Hacker News new | ask | show | jobs
by eloff 4779 days ago
Yes, that's true, except for the calling into non-Lua libraries, this is where LuaJIT + ffi really shines. It can actually optimize away boxing/unboxing and inline the native function call into the trace (not the body of the native function, but the call itself.) Surely you're referring to something else? The often repeated wisdom on the LuaJIT mailing list is only use the Lua C API for legacy code as it can't come close to the performance or ease of use of the ffi. If your experience is otherwise, maybe the JIT bailed on your test code? The ffi is very slow without the JIT.

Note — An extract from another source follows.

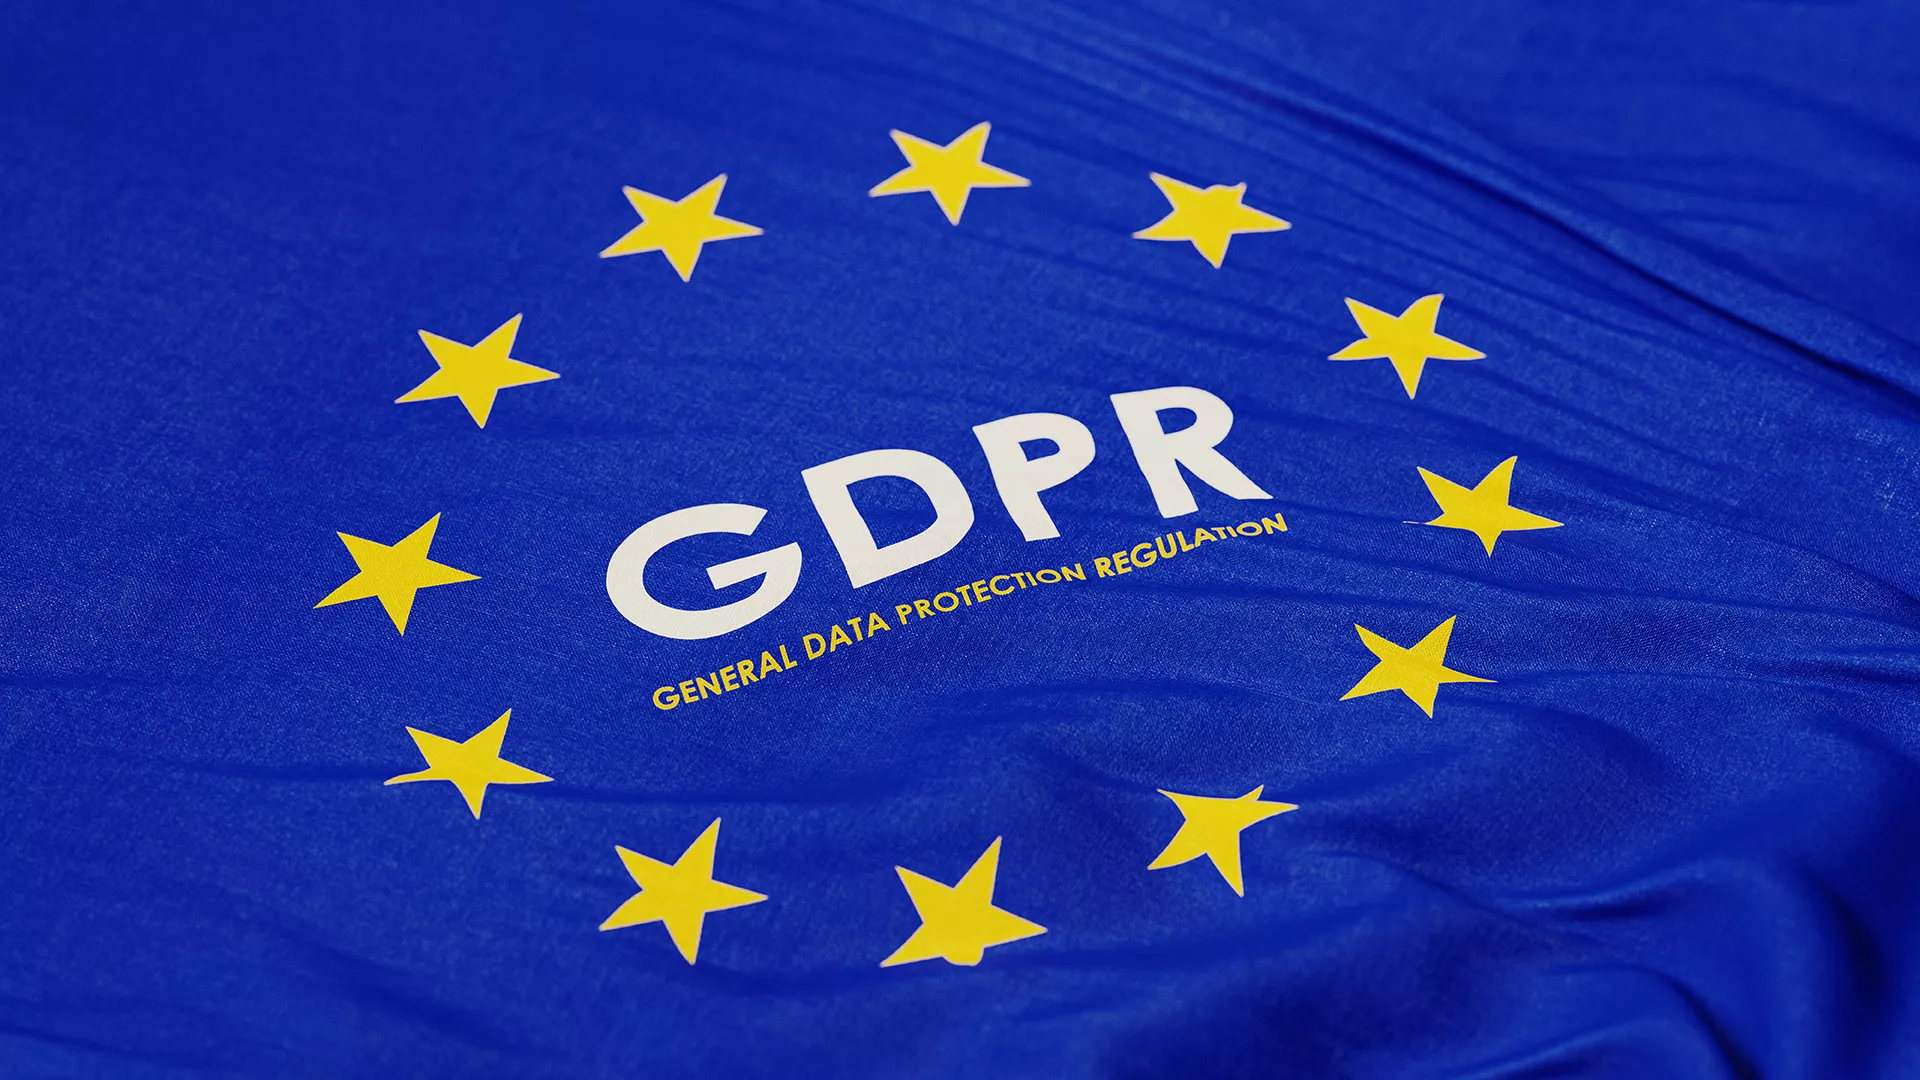 Image d'un drapeau bleu avec des étoiles jaunes rappelant celui l'Union Européen, avec écrit au centre le sigle de RGPD et sa signification juste en dessous.

String and memory limitations have yet to bother me at all because anywhere speed matters you get order of magnitude improvements by managing the strings/memory yourself via the ffi. With Terra, it's clear that's the approach being advocated as well. I agree it really bolluxes small benchmarks, especially if the code is written for Lua and not done the "LuaJIT way" with the ffi. Outside of embedded or other exotic environments I think one would be hard-pressed to come up with a real-world workload where Lua PUC outperforms LuaJIT and there's no easy way to turn the tables. There are just far more options for optimization with LuaJIT and more ability to get closer to the metal than you have with Lua PUC.

None of that is to take away from what the Lua PUC guys have accomplished. Like any craftsmen who enjoys his work, I just like to use the best tools. That's LuaJIT in my opinion, and now Terra too.